__EXERCISE__
A faithful copy of all the data is the goal; omit the pictures.

__AVAILABLE DATA__
────────────────

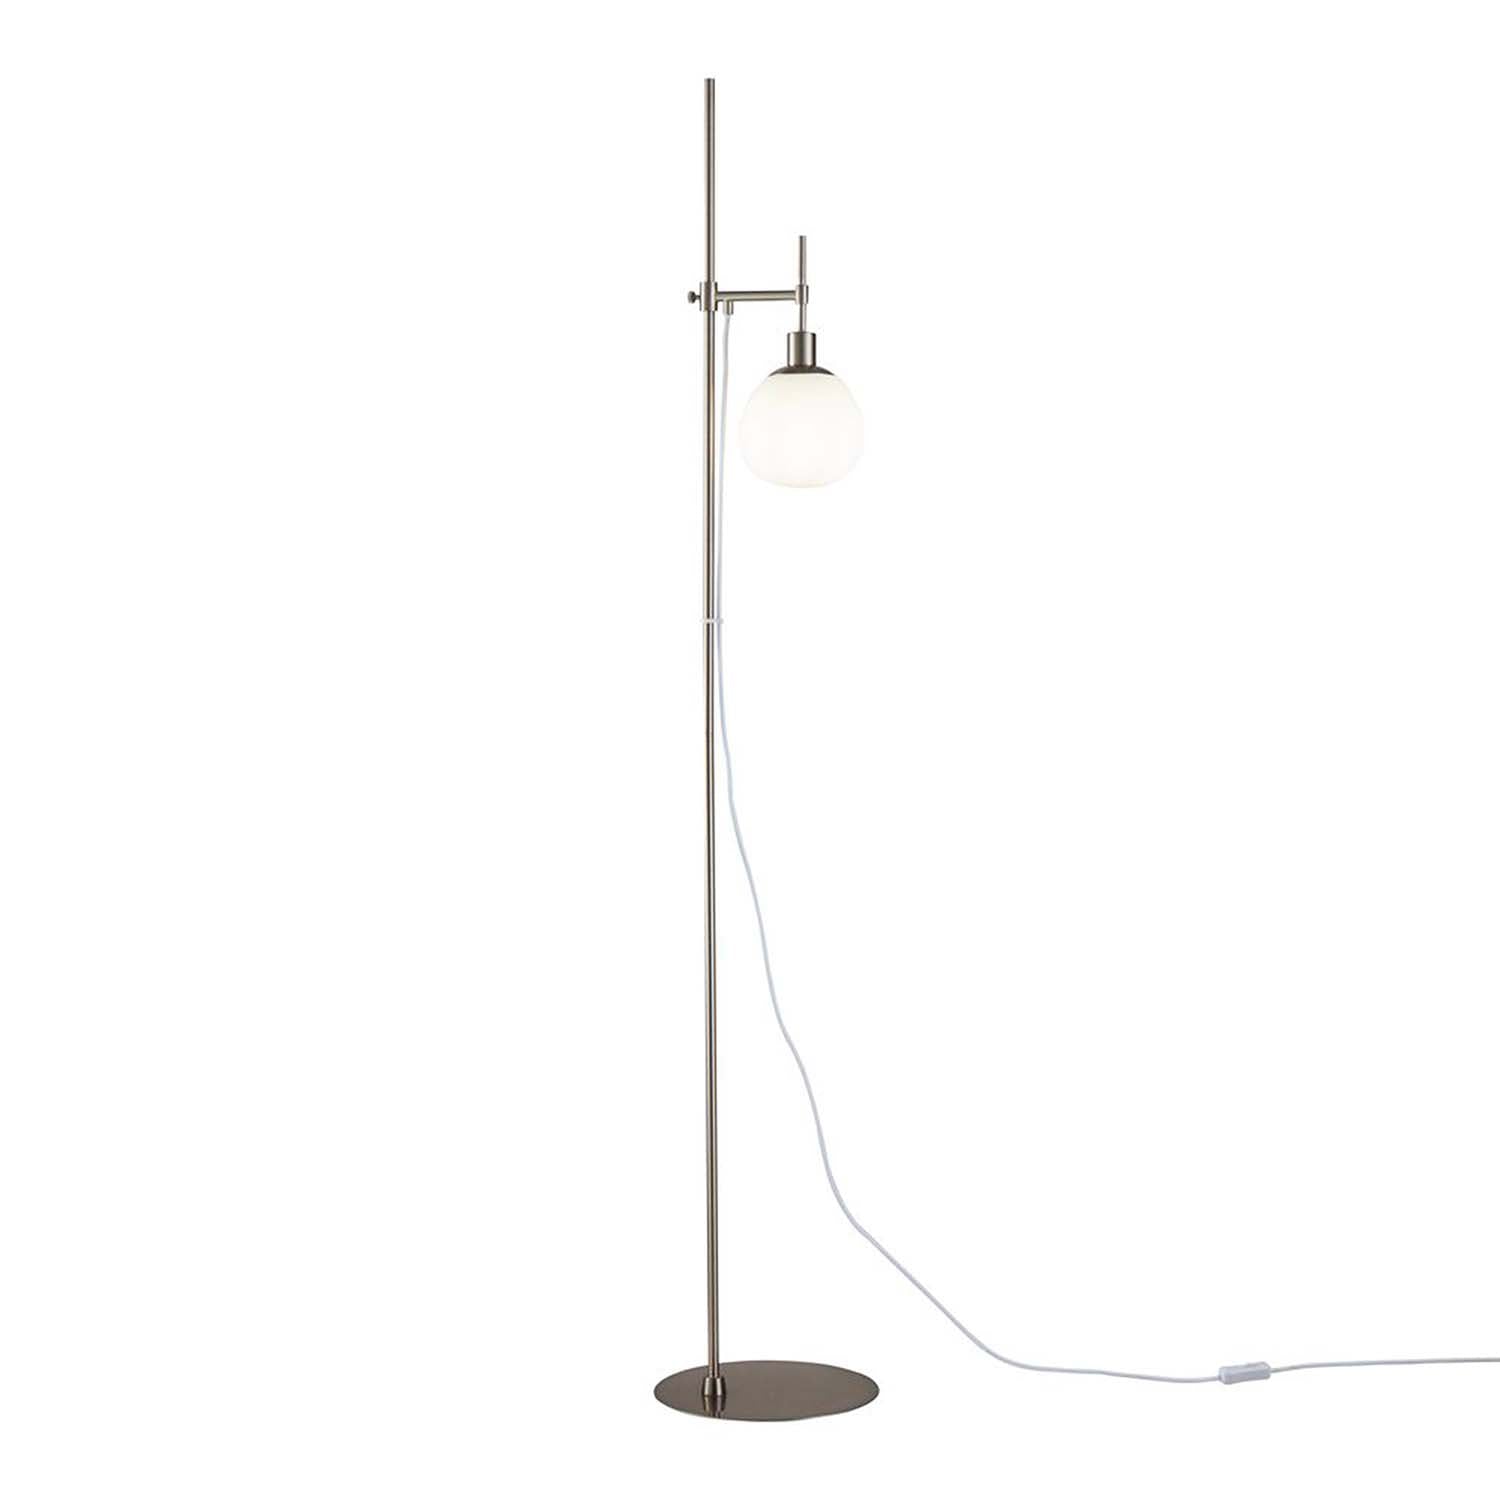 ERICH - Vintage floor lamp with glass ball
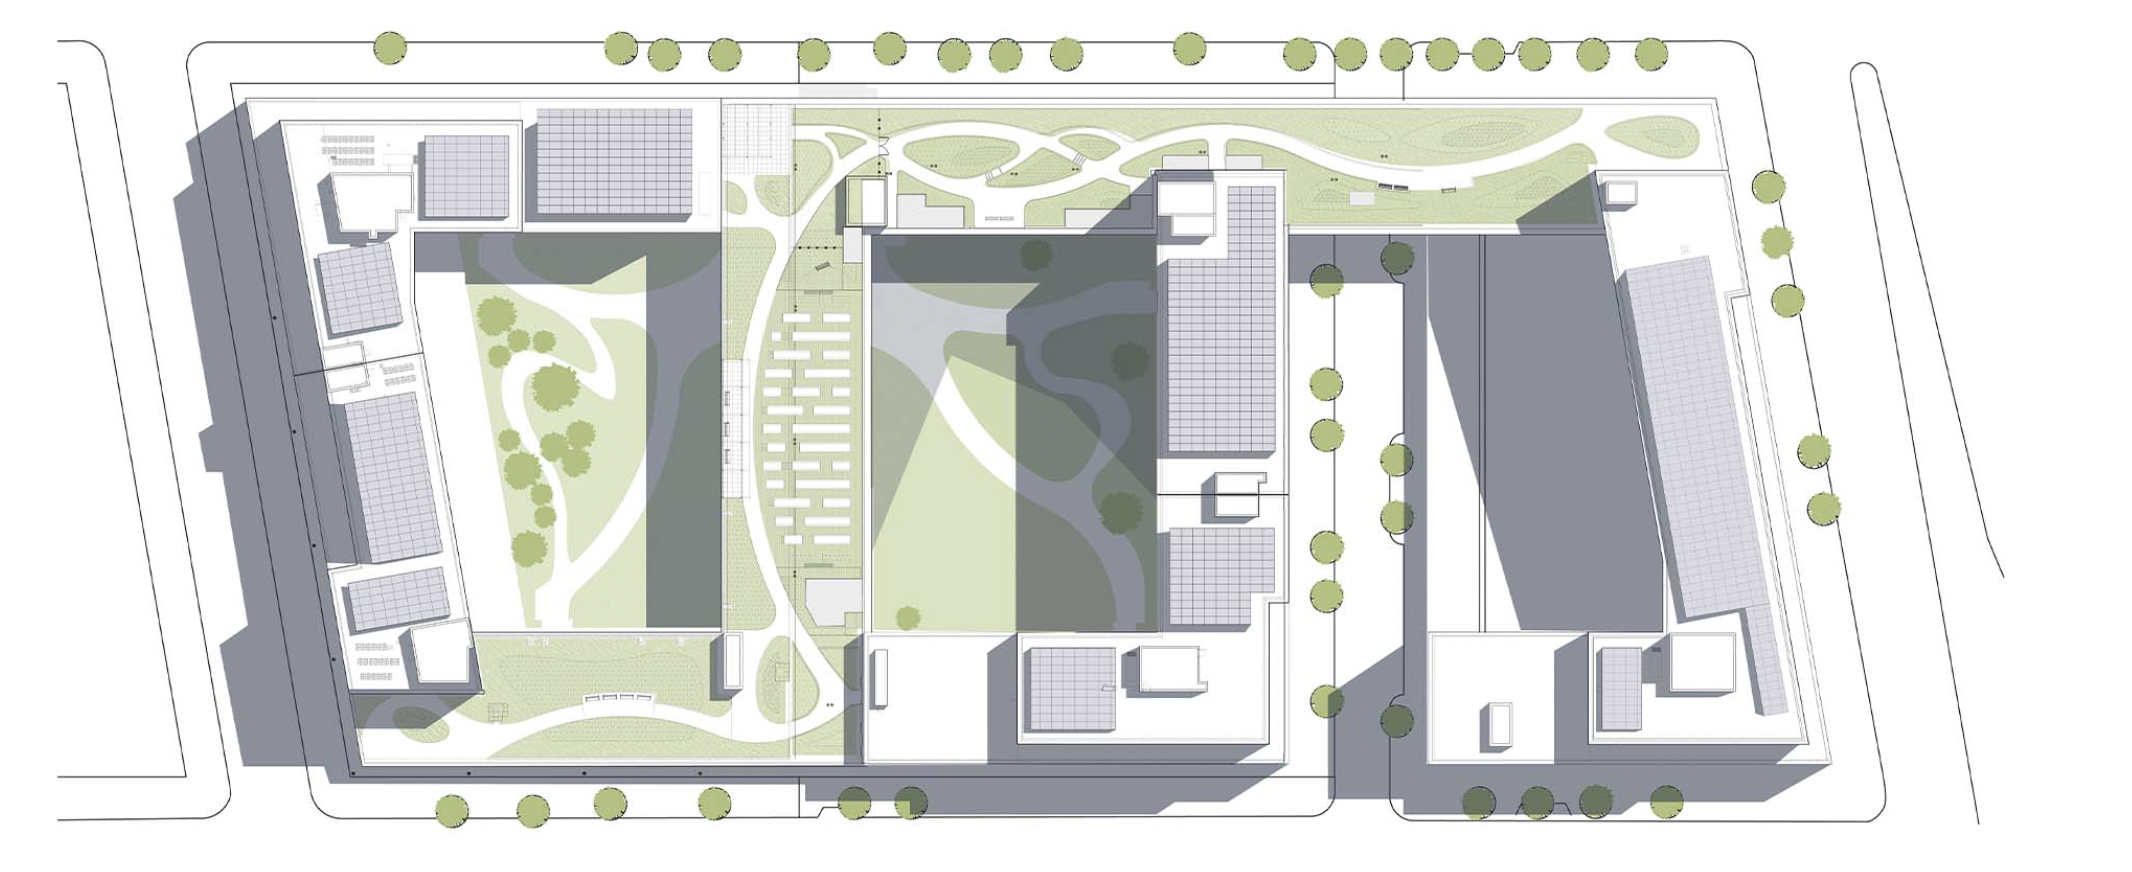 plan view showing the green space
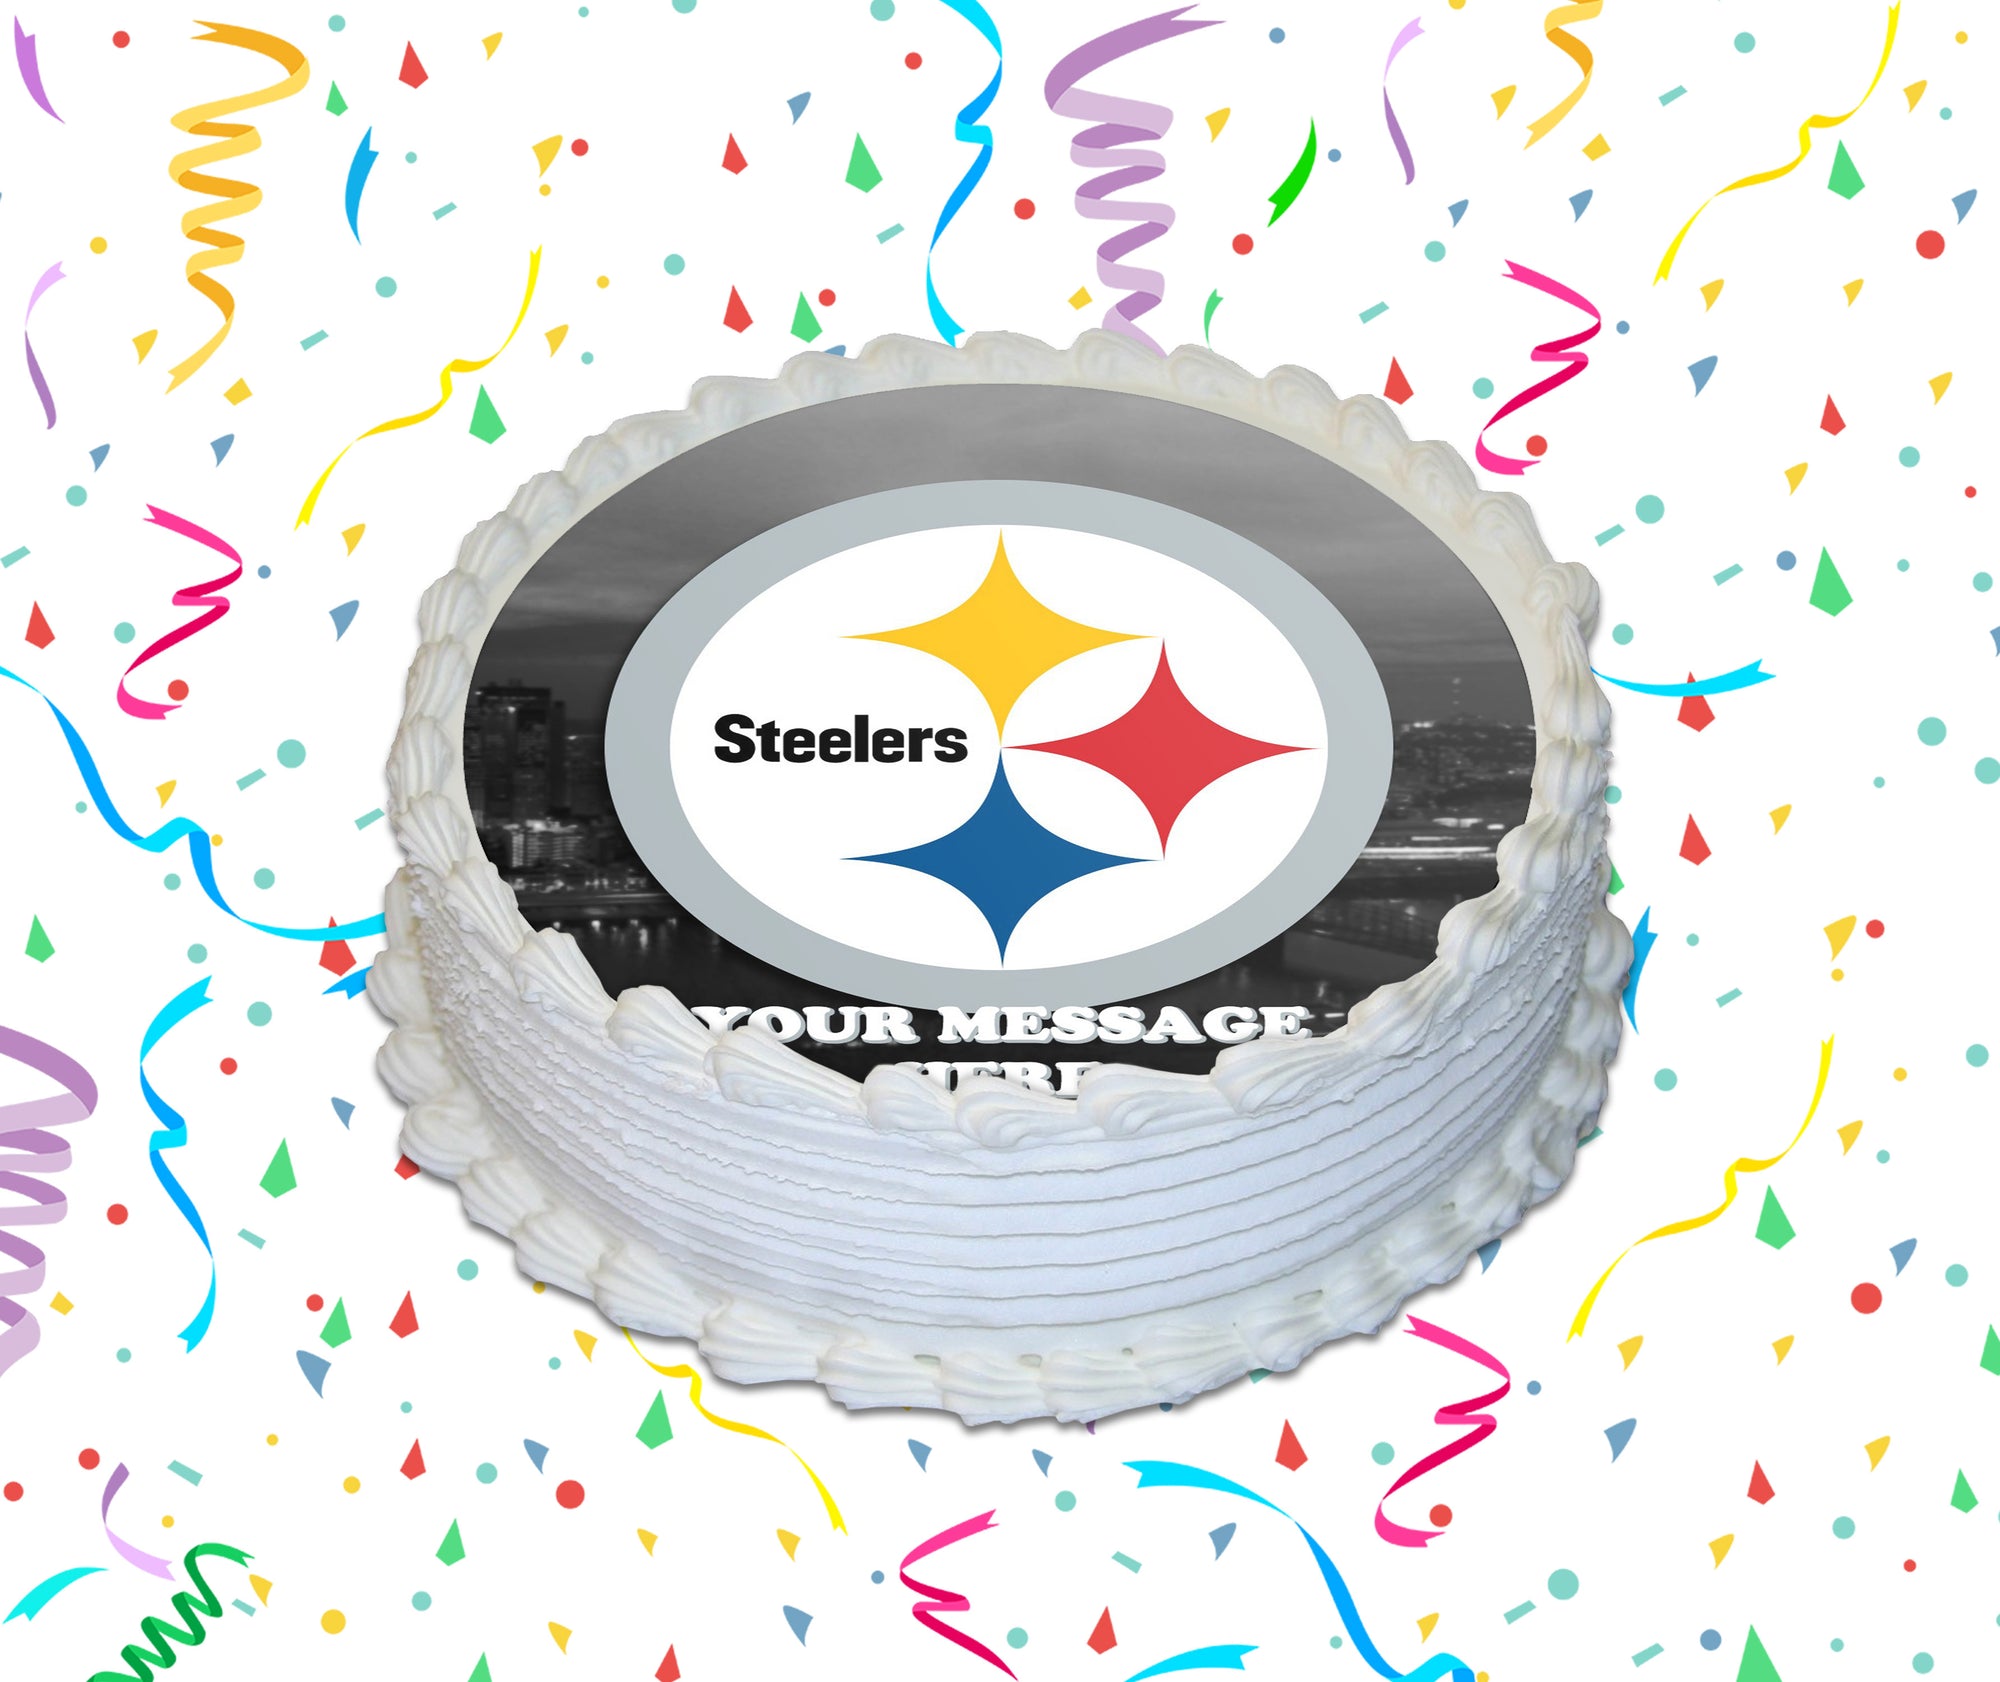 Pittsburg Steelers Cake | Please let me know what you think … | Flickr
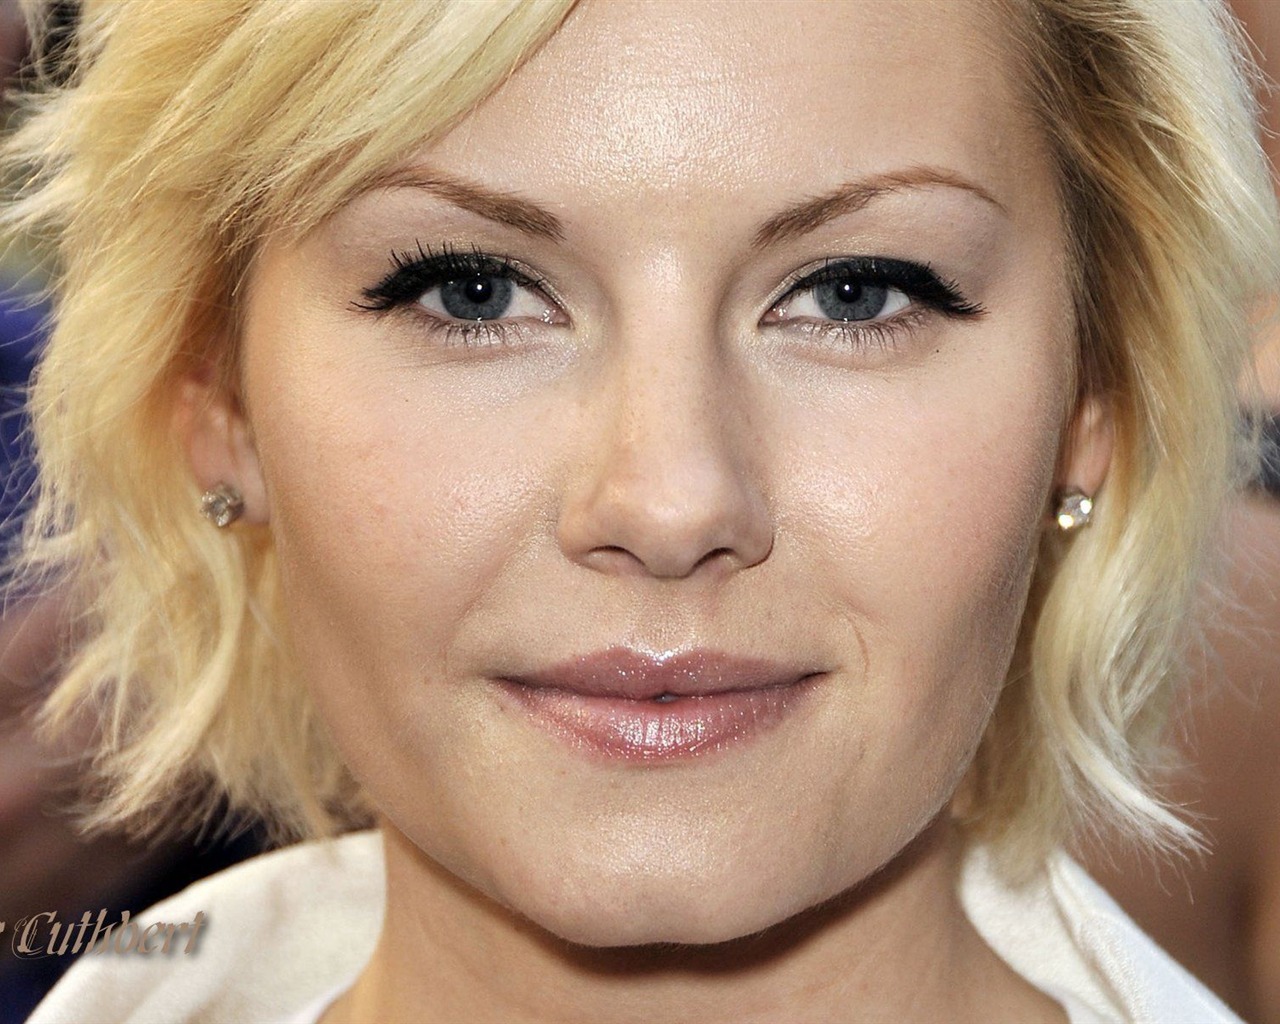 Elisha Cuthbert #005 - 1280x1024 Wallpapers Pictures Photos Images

────────────────

__YOUR SOLUTION__
 ERICH - Vintage floor lamp with glass ball
 plan view showing the green space
 Pittsburg Steelers Cake | Please let me know what you think … | Flickr
 Elisha Cuthbert #005 - 1280x1024 Wallpapers Pictures Photos Images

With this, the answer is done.